Но когда они переехали в Израиль, он время от времени вспоминал о непоправимом, про себя и с друзьями, наливаясь сам и наливая сначала нам, по полной.
И однажды сорвался…
– Я скажу тебе прямо: у меня своя жизнь, а у тебя – своя,- залепила как-то в него жена, приобщившаяся было к новым эмансипированным женским журналам, где описывалось, как надо думать и держать себя в очередном поиске осмысленного женского счастья. И Фима, не подумав, так же прямо дал ей под глаз. Не специально – так попало…
Кто-то из детей, уже прошедших правильную израильскую школу, вызвал полицию, и его повязали по статье «за насилие в семье». Жена, правда, полагала, что в полиции его припугнут и отпустят. Но она смотрела на жизнь через русские каналы телевидения, а за окном были в основном выходцы из Северной Африки. Как бы евреи, но арабские. И в полиции – тоже. А они думали иначе. Особенно о русских.
Короче, евреям везде тяжело.
– Жена в молодости – это цветной треугольник, затем – серый овал и, наконец,- черный квадрат, – загадочно бросил мне Фима, когда его в наручниках и кандалах на ногах, словно опасного преступника, привезли в суд.
А я и не возражал.
Выручили его спасенные от жены деньги. Валюта, что бы ни говорили бедные – лучший друг, особенно в беде. Несколько заседаний и столько же тысяч долларов на адвоката закончились для Фимы на редкость благополучно. Он получил пять лет условно, полгода общественных работ и три месяца не имел права приближаться не то что к своему дому, но даже к родному городу. Так государство защищало его жену. Нарушение этого постановления грозило ему немедленным полуторагодовым сроком в израильской тюрьме.
Поскольку текущие счета к государству отношения не имели, а в семье он единственный ходил на постоянную работу, то ему приходилось тайно выезжать и возвращаться. Мы же, соблюдая правила конспирации, рано-рано утром и попозже вечером забирали и привозили его домой от бензоколонки или с окраины города, где Фима бросал на ночь свою тачку. Он хотел жить в еврейском государстве, но не в тюрьме.

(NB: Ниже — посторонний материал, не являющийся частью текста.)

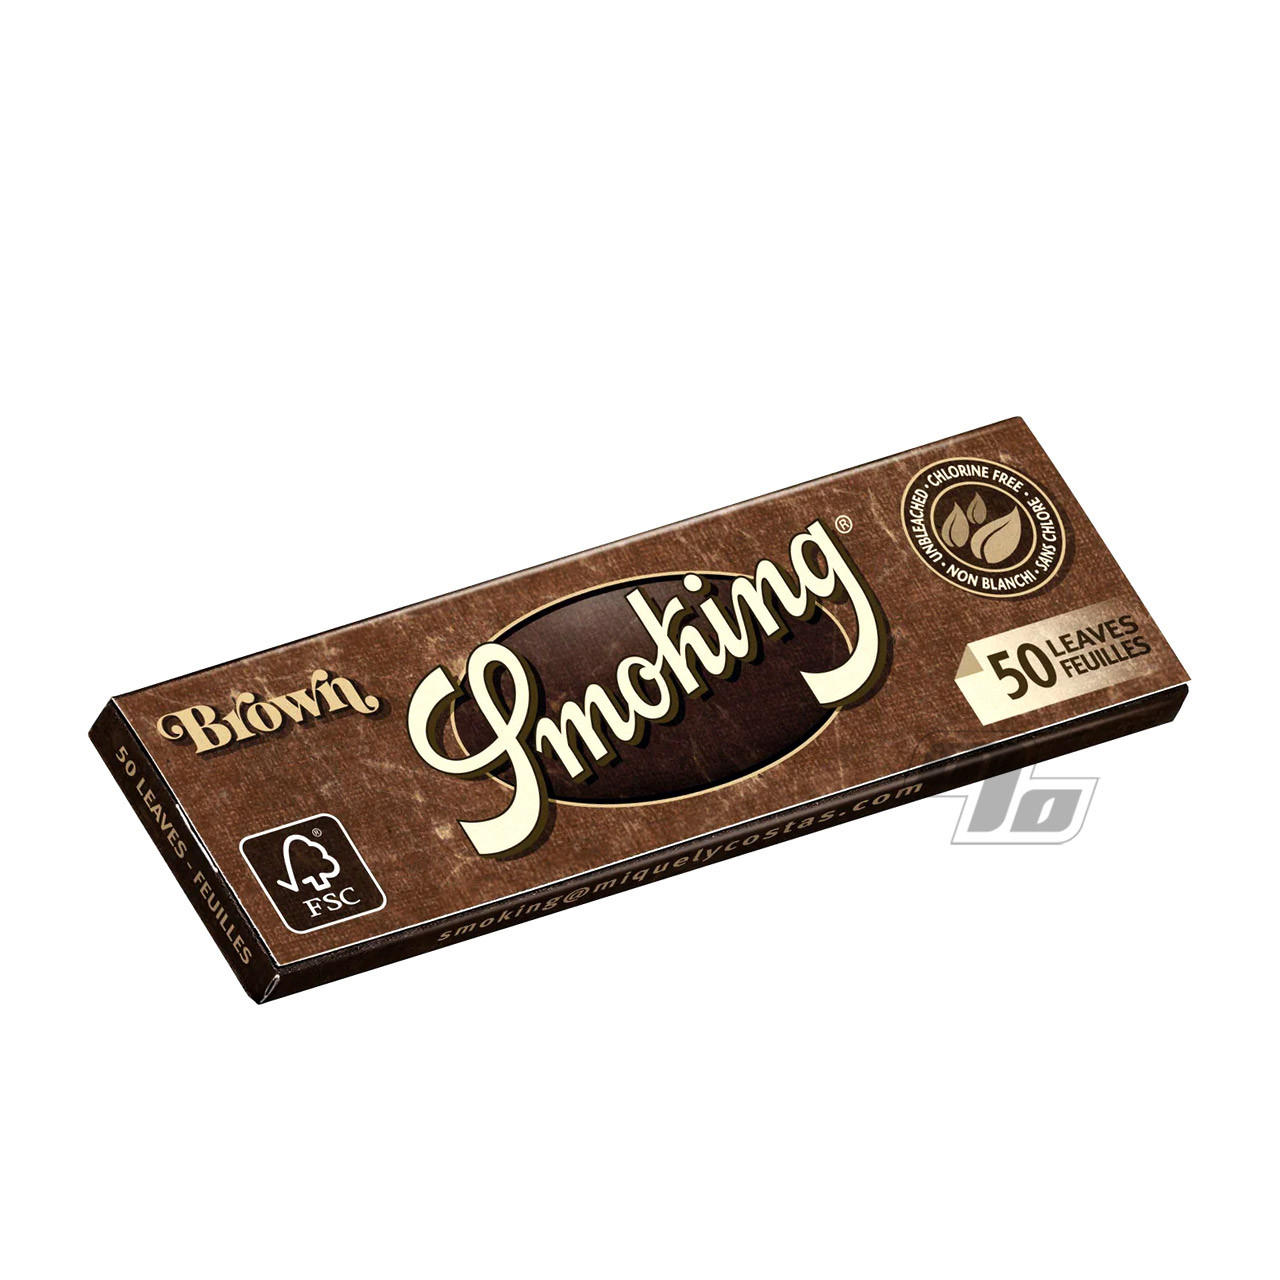 https://cdn11.bigcommerce.com/s-uuizzj6vec/images/stencil/1280x1280/products/12455/36020/smoking-brown-1-1-4-rolling-papers-pack__19953.1689957697.jpg?c=1

А что такое государство без тюрьмы? Даже не прилагательное…
На ночь и в выходные его прятали от чужих глаз домашние. Они уже прочухались, но дети вдруг заговорили о новой эмиграции в ту же Канаду, Австралию или еще куда-нибудь, где можно зацепиться. И Фима тоже. Он вновь созрел для свежих пейзажей и лиц.
Чтобы стать по-настоящему смелым, надо сначала почувствовать себя беззащитным.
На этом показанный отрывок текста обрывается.